[Start of Attachment]
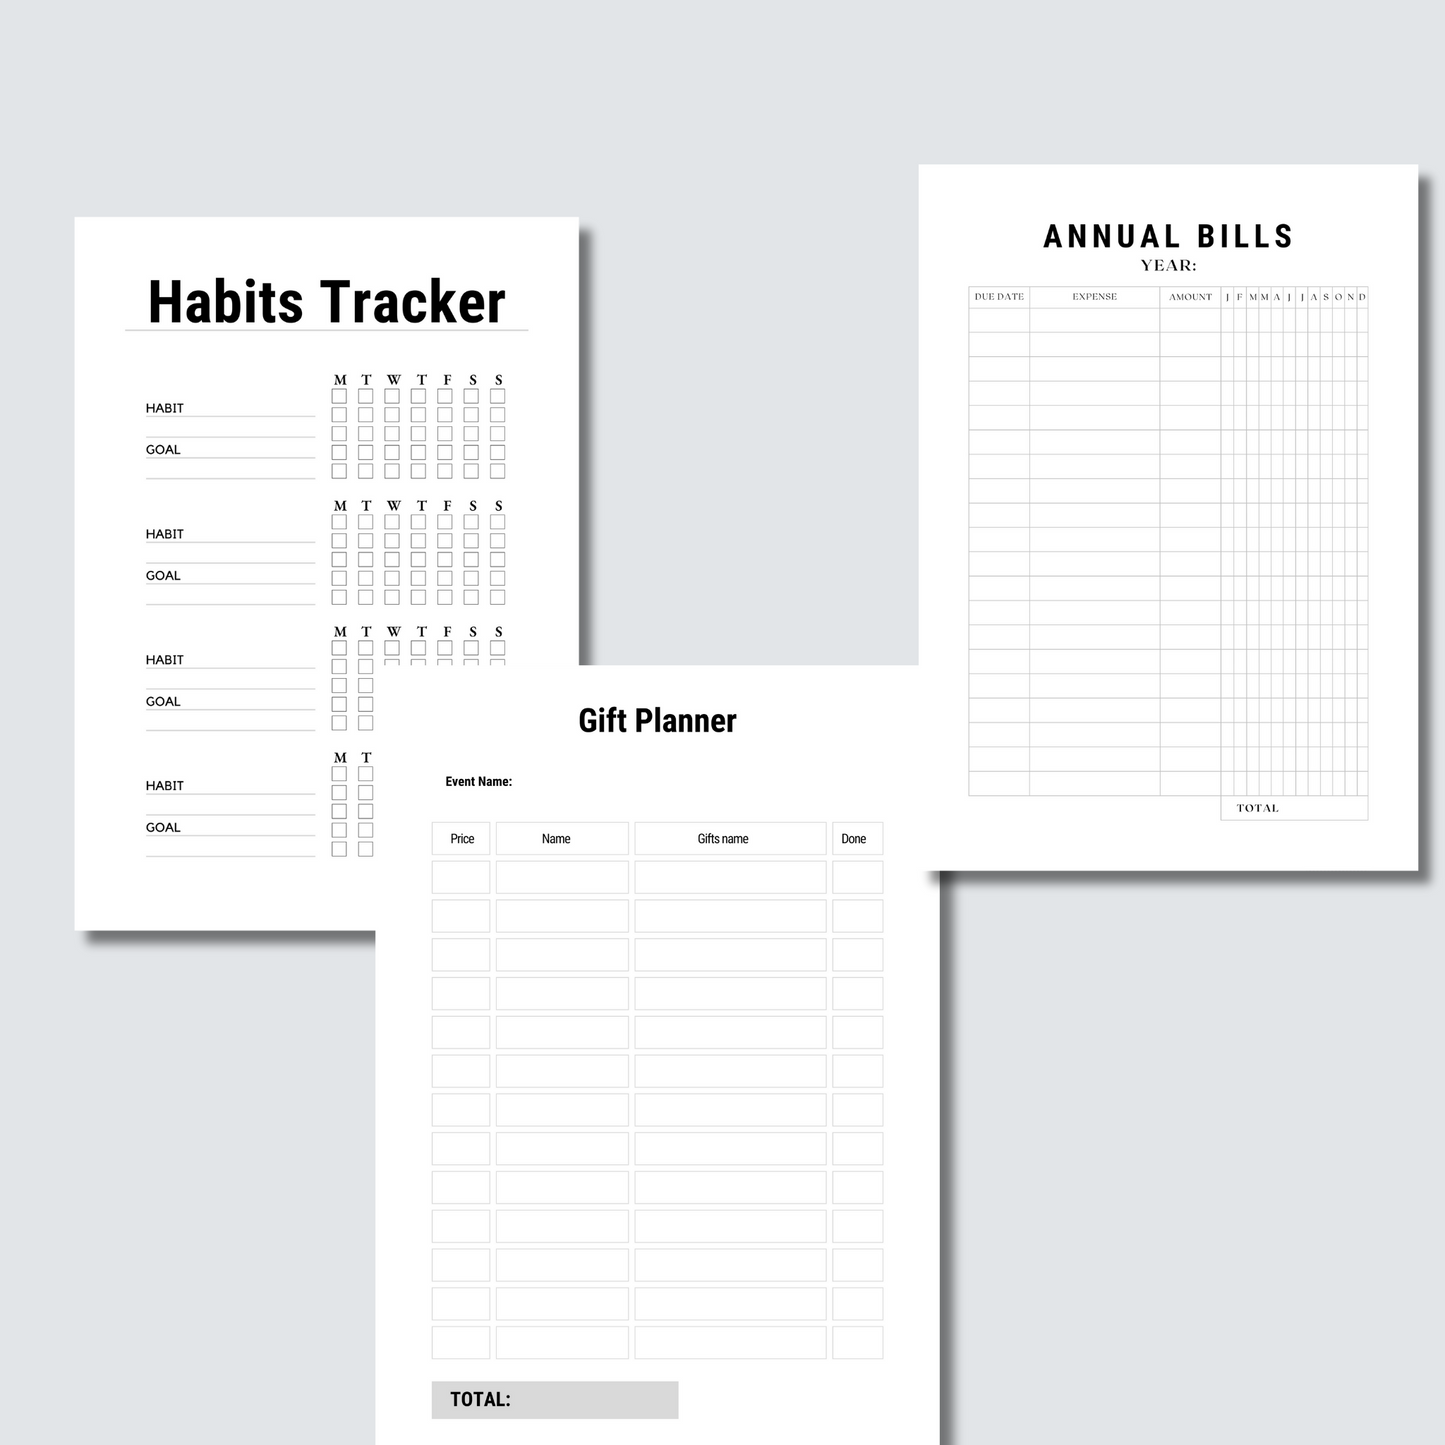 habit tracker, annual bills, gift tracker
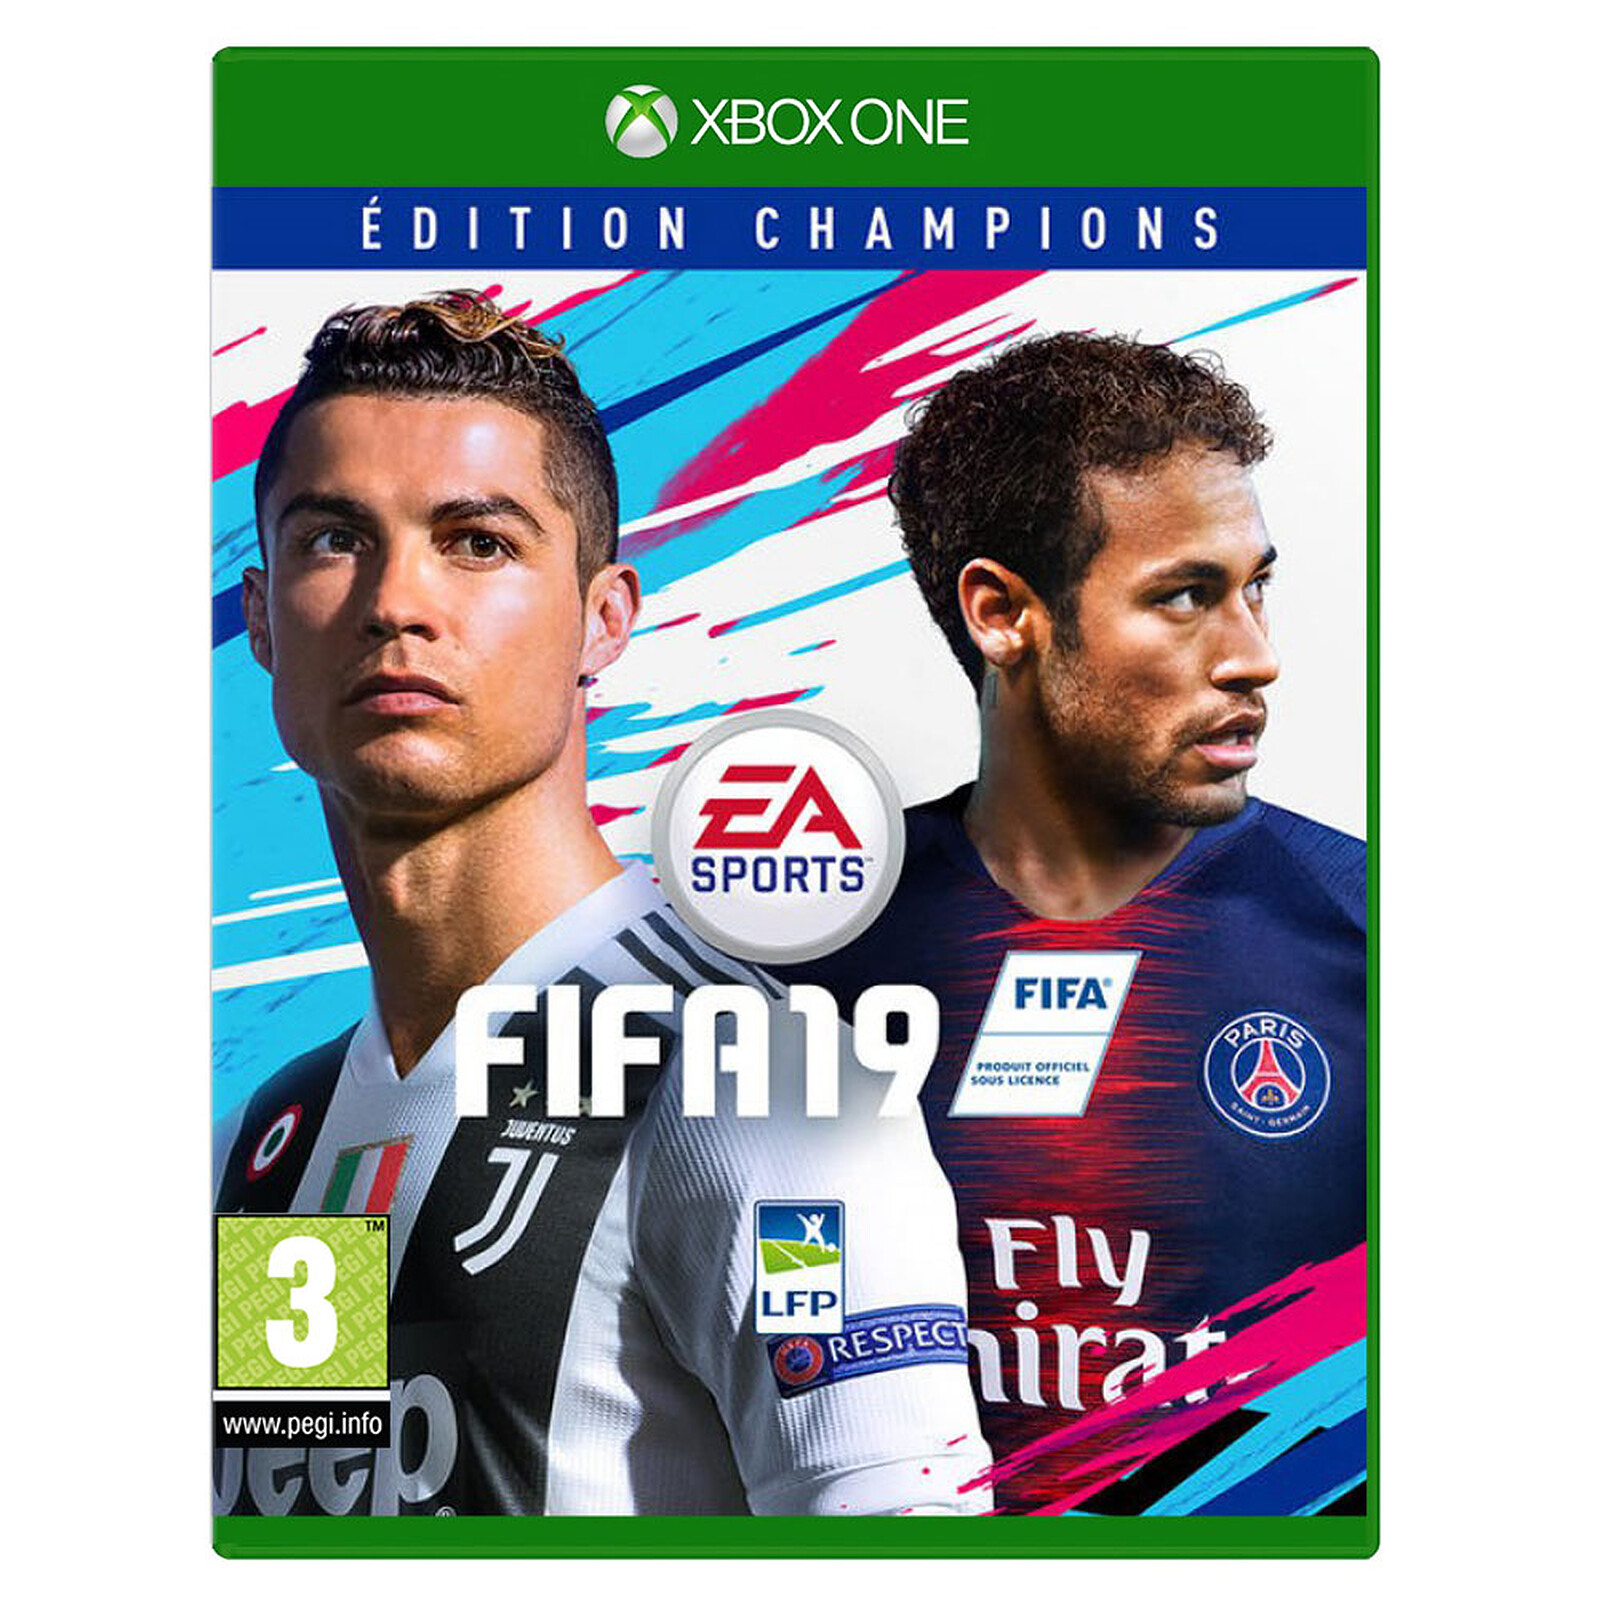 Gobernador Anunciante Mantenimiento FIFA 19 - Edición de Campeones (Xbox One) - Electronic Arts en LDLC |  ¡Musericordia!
[End of Attachment]
[Start of Attachment]
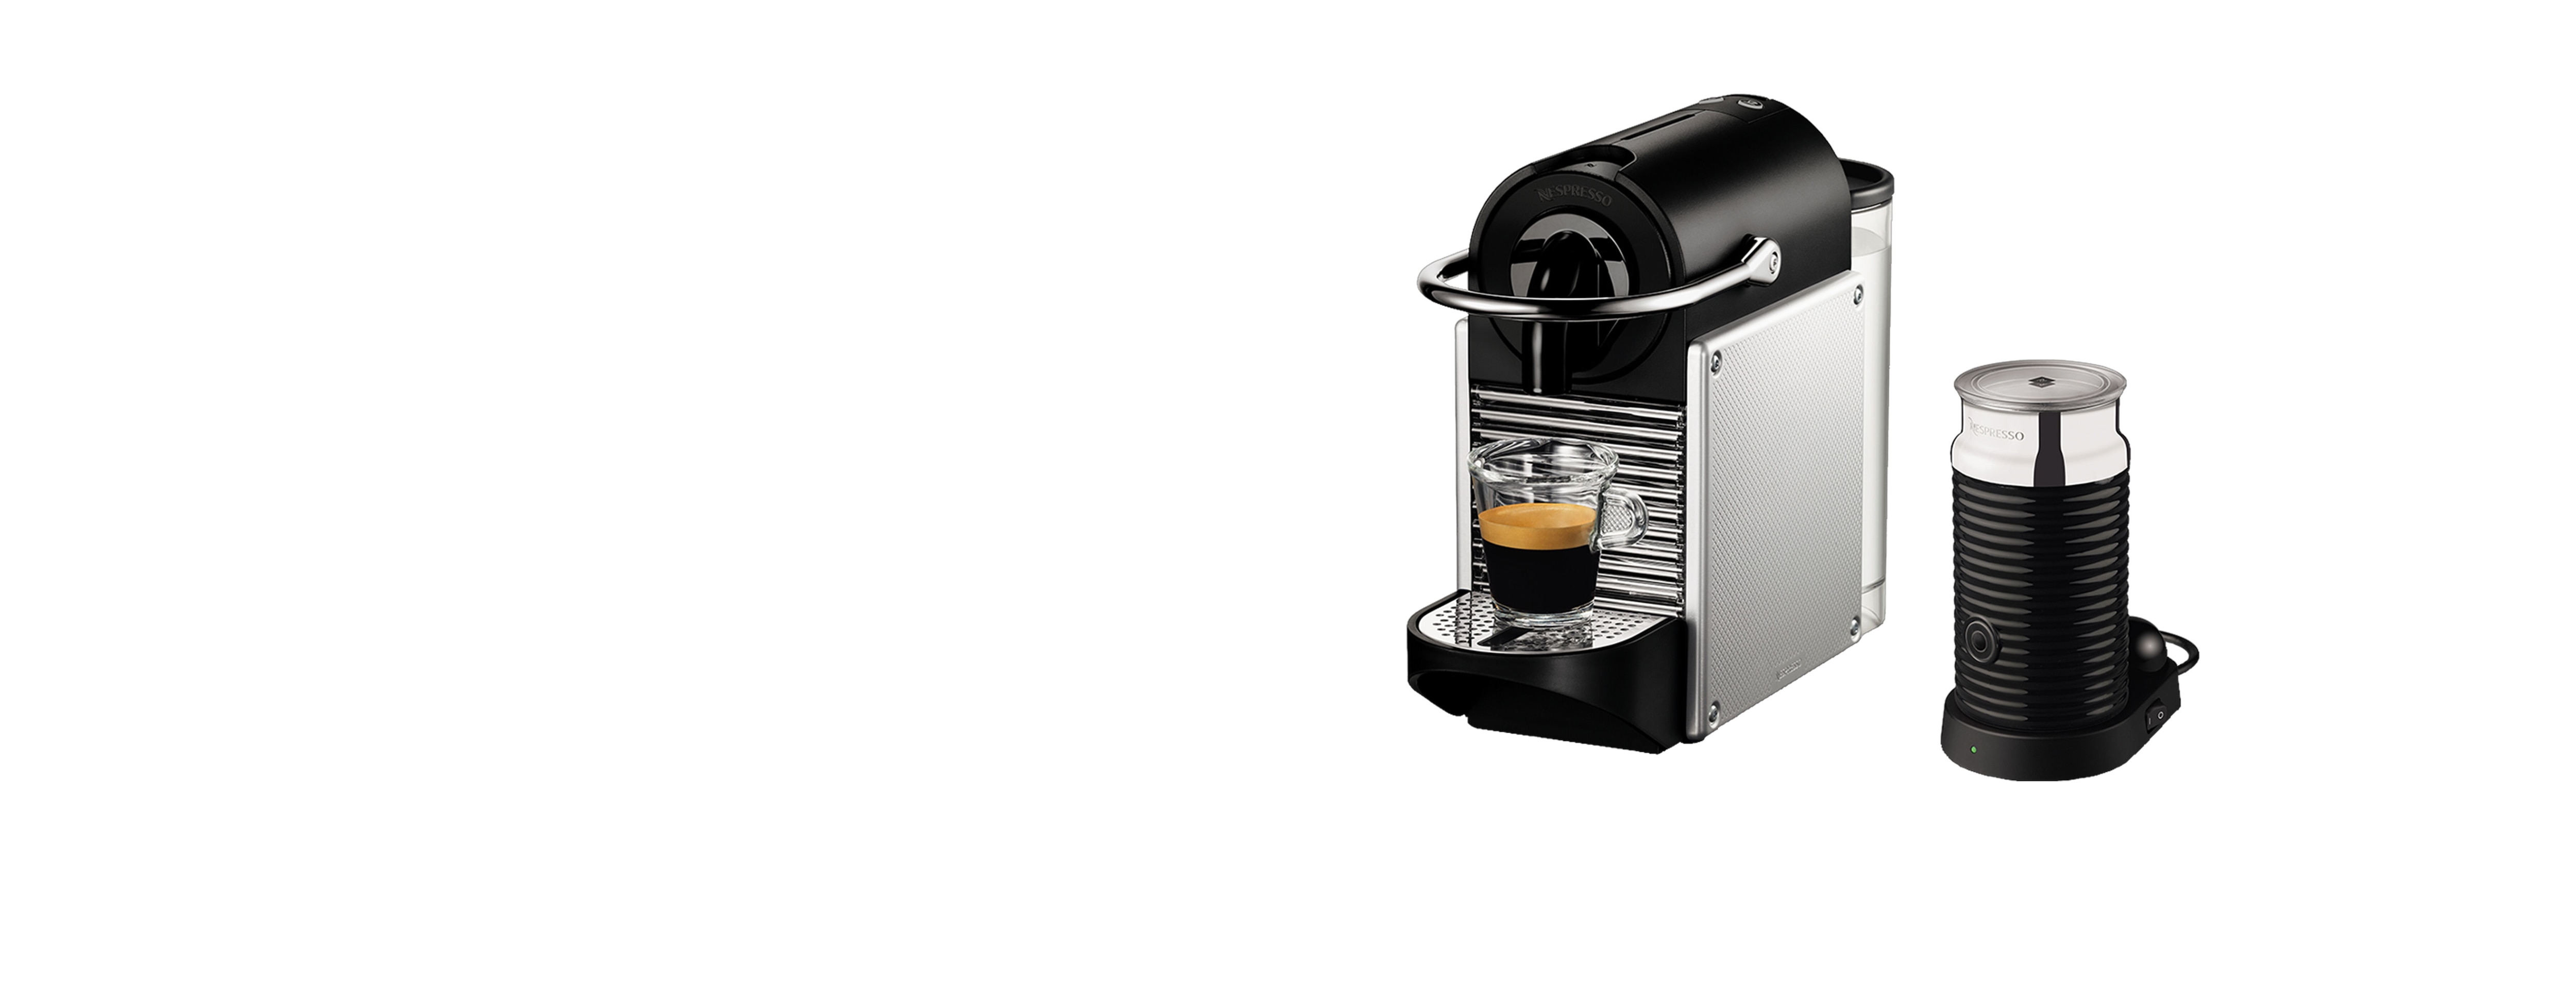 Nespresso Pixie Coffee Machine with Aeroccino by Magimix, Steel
[End of Attachment]
What you write must match the listing exactly, from the line with "habit tracker, annual bills, gift tracker" up to and including the line with "Gobernador Anunciante Mantenimiento". Pictures stay out.

 habit tracker, annual bills, gift tracker
 Gobernador Anunciante Mantenimiento FIFA 19 - Edición de Campeones (Xbox One) - Electronic Arts en LDLC |  ¡Musericordia!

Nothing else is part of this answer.